ESCREVER - 99
escrever
Antes de escrever para ti, leitor, é para mim que escrevo. Não para fazer um exercício de auto-contemplação, nem para me libertar de pesos que jamais folgarão tanto as costas como sacos de cimento. Escrevo para mim como quem se interroga, como quem procura construir-se num tempo e num espaço que agrilhoam o pensamento desde a infância perdida. No fundo, escrevo para me libertar de mim próprio e do mundo que me educa.«Pouco ou muito, de tempos a tempos toda a pessoa sente um desejo de abandonar o seu “eu” (esse conjunto aproximativo), tentada por um outro “eu”» (Henri Michaux). Nisso, imito as minhas filhas quando desarrumam a casa. Como elas, desarrumo o domicílio. Não se trata de brincadeira, caro leitor.

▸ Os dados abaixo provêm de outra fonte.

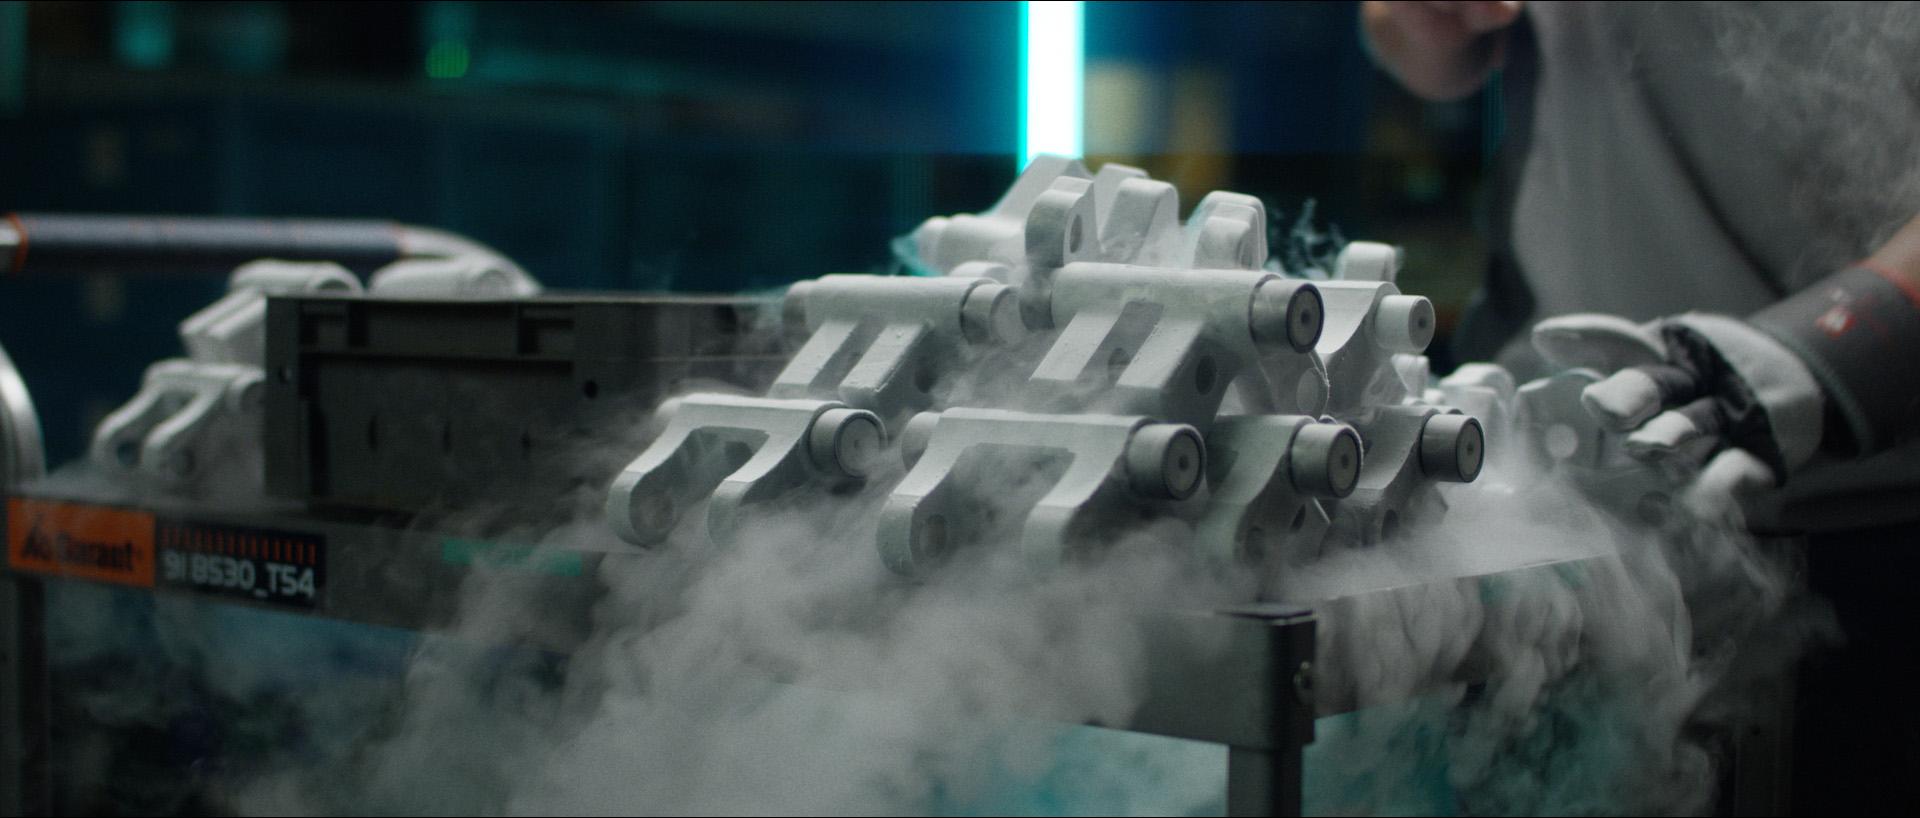 Karl-Mayer-Texture-Machine-Production-Textile_04.jpg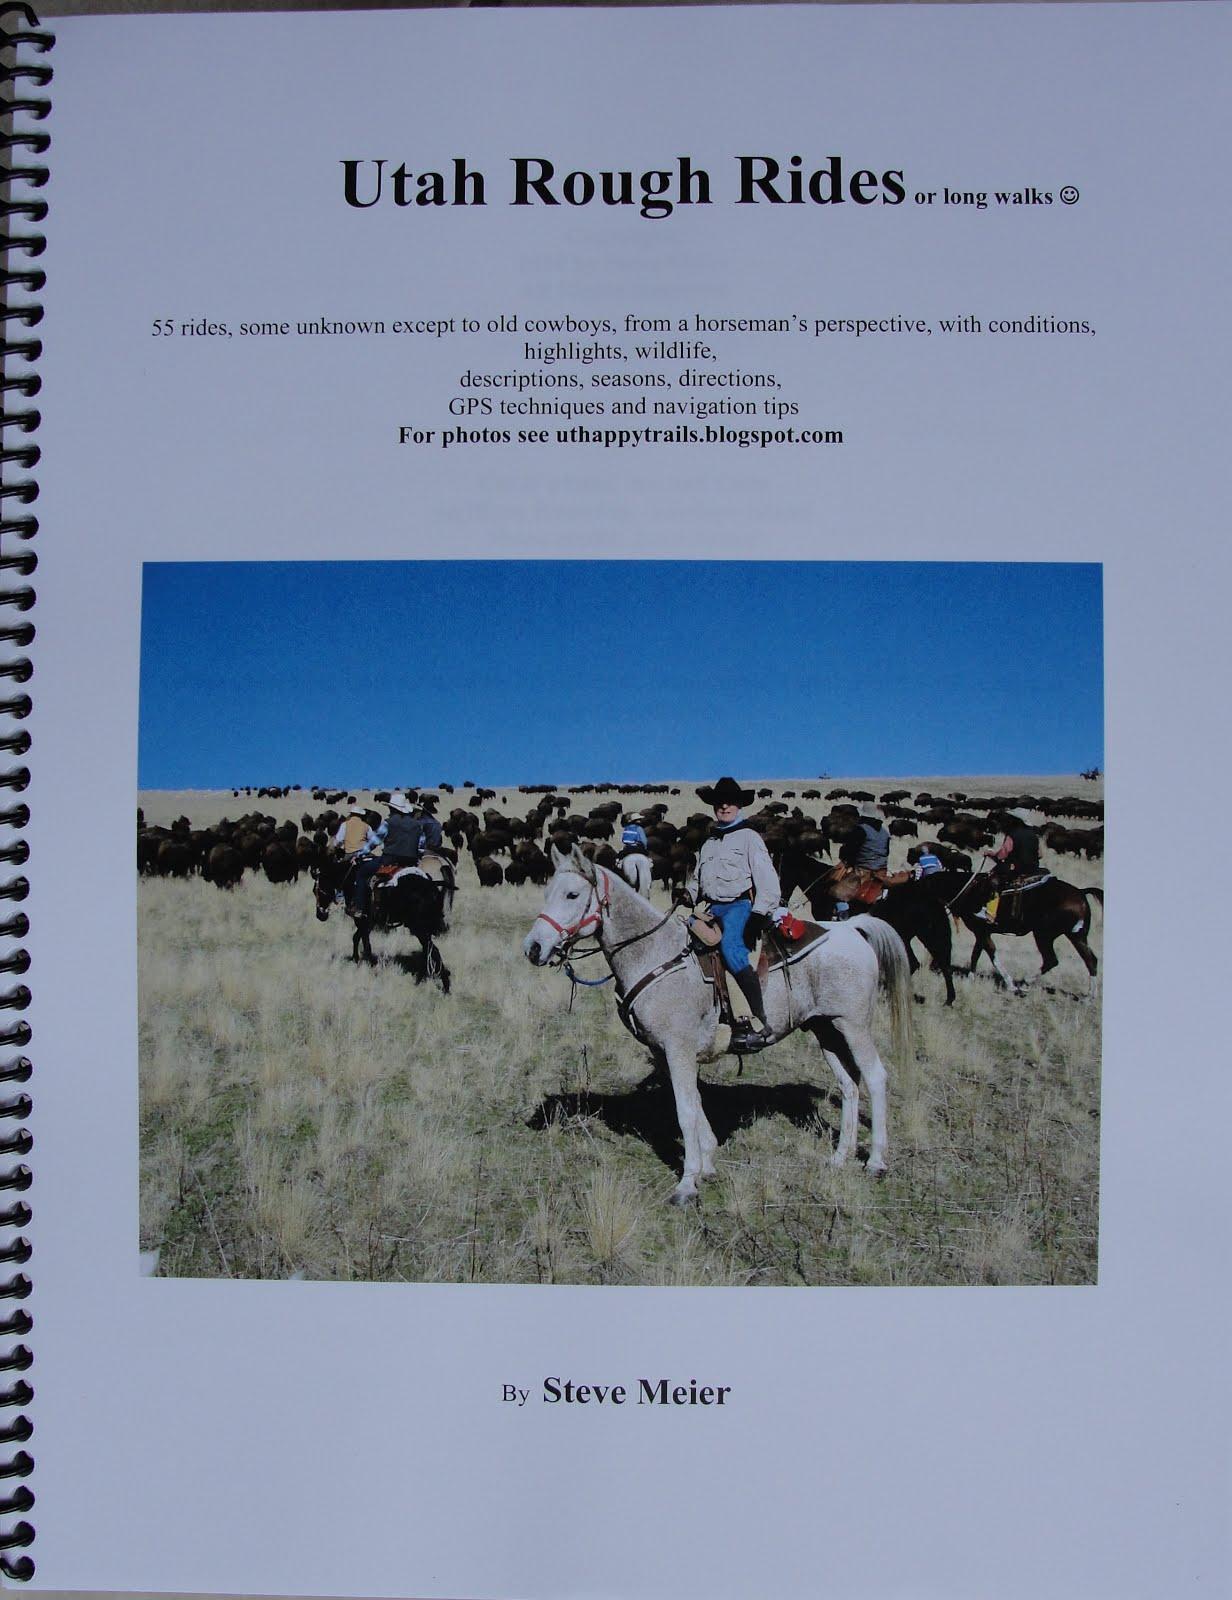 Utah Rough Rides

Pergunta às crianças que te desorganizam a sala se preferiam estar ali, entre as quatro paredes de cimento, protegidas pelas quatro paredes de cimento, ou se preferiam andar na rua. Pode ser que te espante a resposta delas. Não te espantes com a minha: prefiro as casas desarrumadas aos ensaios, às leituras organizadas pela batuta de um maestro, não gosto de encenações, decorações, prefiro o acto, o puro acto da rua à brincadeira domiciliária. Nisso, eu imito o olhar das filhas quando metem torneiras a chorar e desviam da norma a existência dos comandos. Não busco anedotas, coisas belas, nem coisas que de tão feias se tornam caricaturais. Não me basta o rosto grotesco com que acordo todos os dias. Se quiseres, preciso exorcizar o monstro em que me transformo ou corro o risco de me transformar se deixar de insistir na insubordinação e me curvar, submisso, ao castigo que é a domesticação da vida. Podes chamar-lhe anarquismo ontológico, nomadismo espiritual, que nenhum desses conceitos me comoverá tanto como a velha magia de que falava Artaud. Não confundas magia com ilusionismo, pensa nela como se te fosse possível recuperar o sopro mais primitivo da existência. A dança do sol, um silabário anterior à sintaxe dos deuses.